Task statement » Of all the lines below, return only those starting with the line holding "Tiger Portrait Wall" and going on through the line holding "History of Point", exactly as written.

BEGIN Given entries

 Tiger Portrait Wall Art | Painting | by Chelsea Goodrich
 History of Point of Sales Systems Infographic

END Given entries
BEGIN Given entries

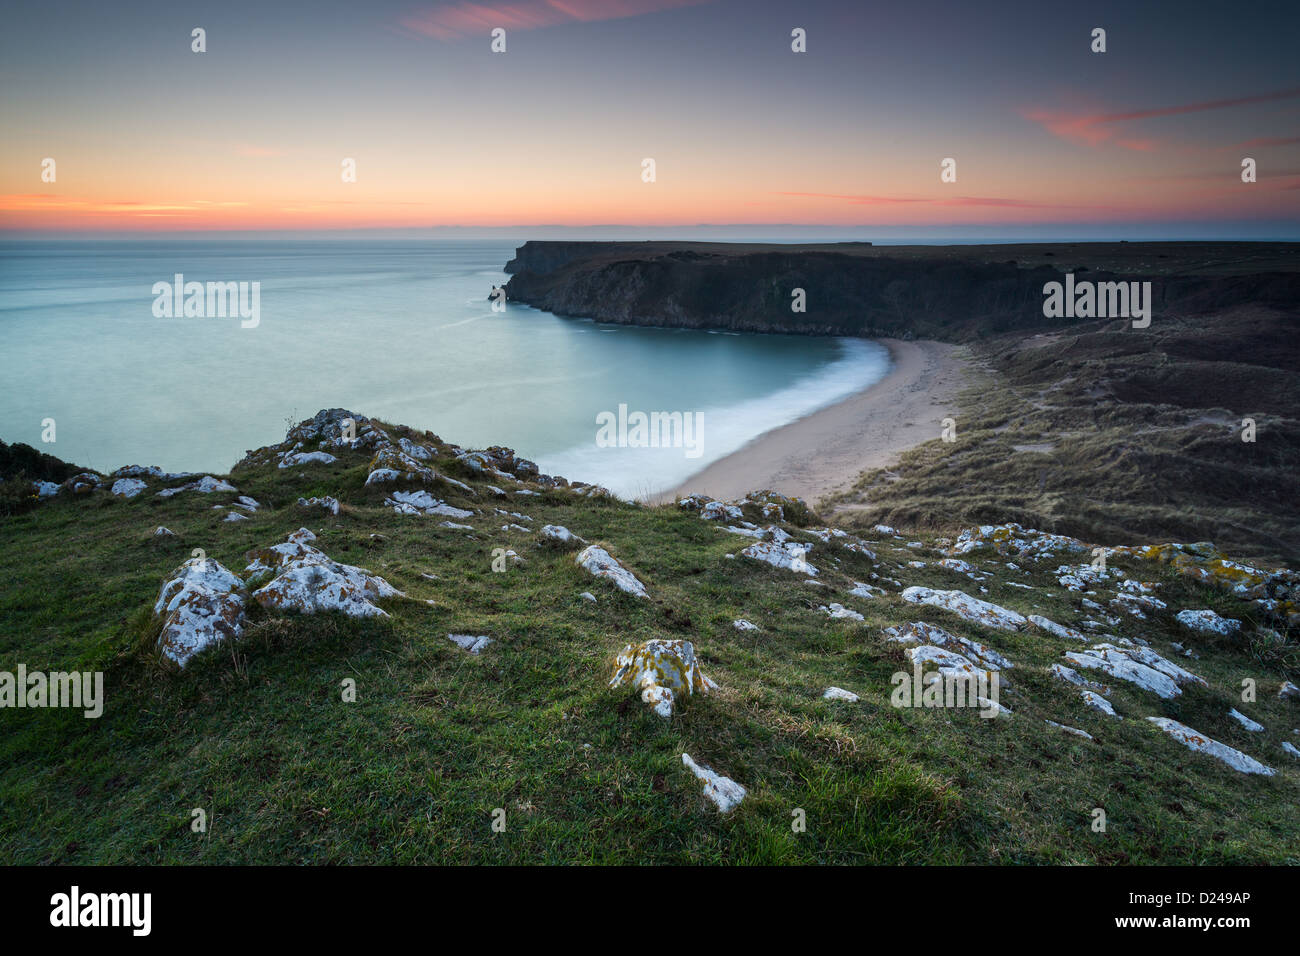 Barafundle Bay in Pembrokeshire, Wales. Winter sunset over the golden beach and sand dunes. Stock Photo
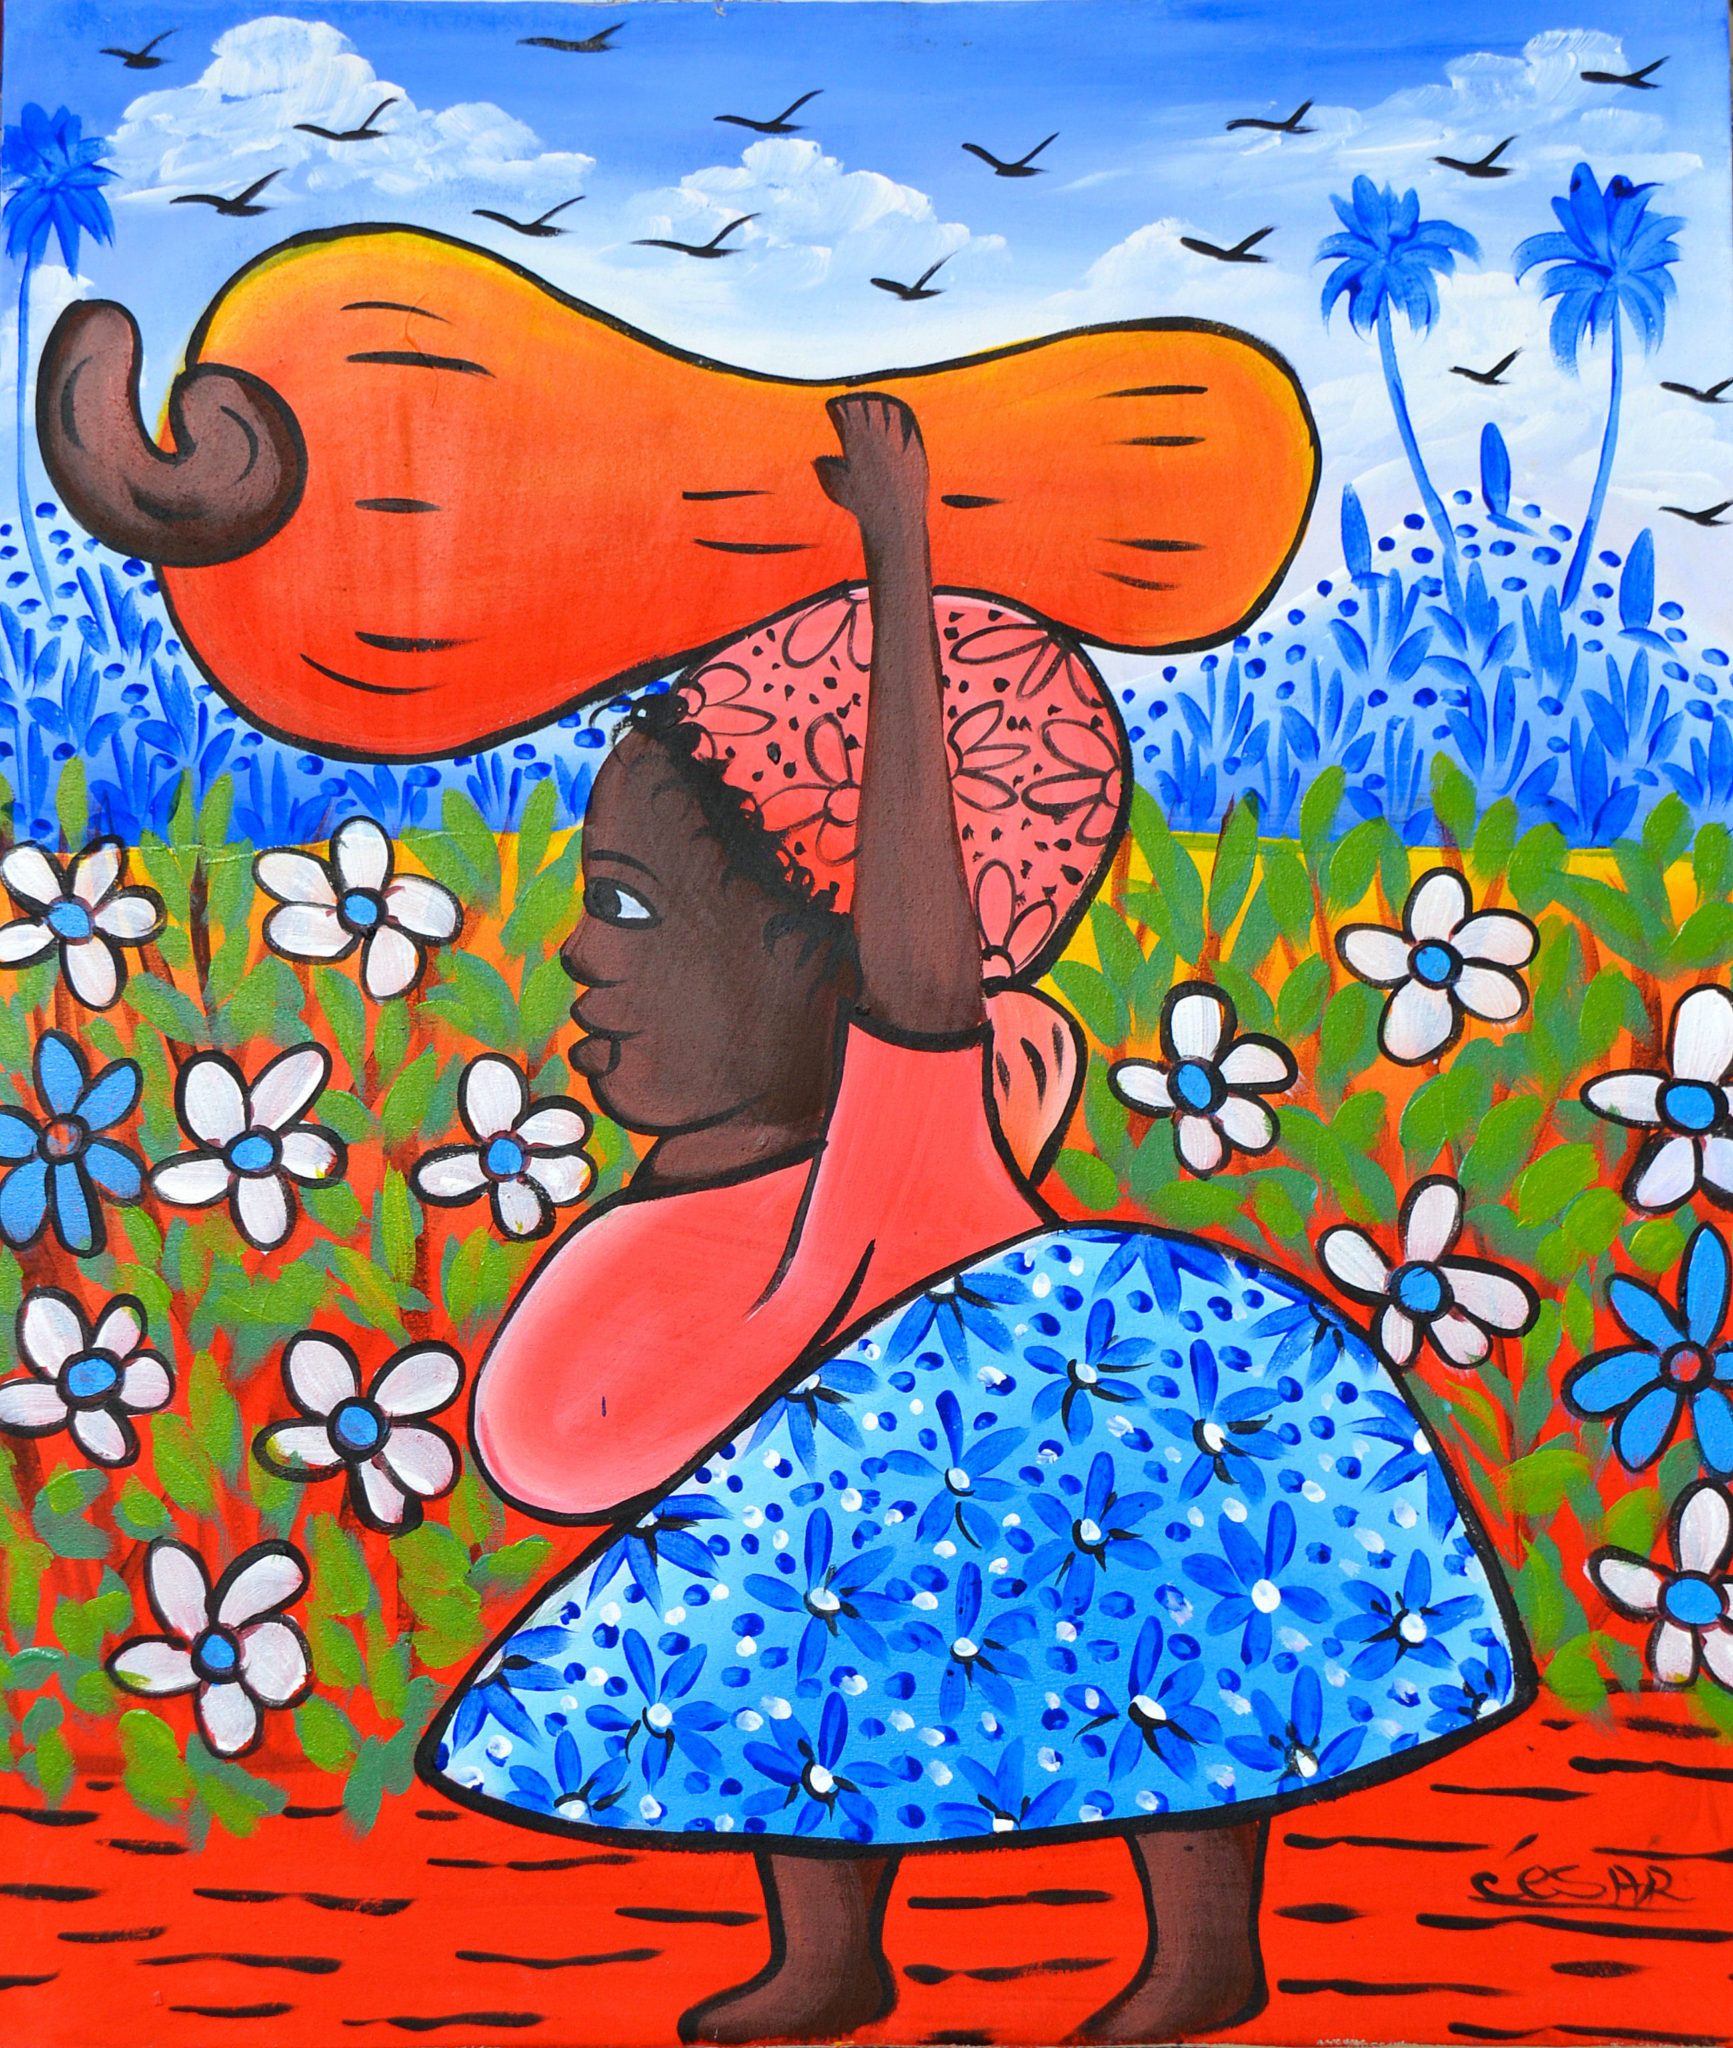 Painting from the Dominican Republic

END Given entries

Response to the exercise »
 Tiger Portrait Wall Art | Painting | by Chelsea Goodrich
 History of Point of Sales Systems Infographic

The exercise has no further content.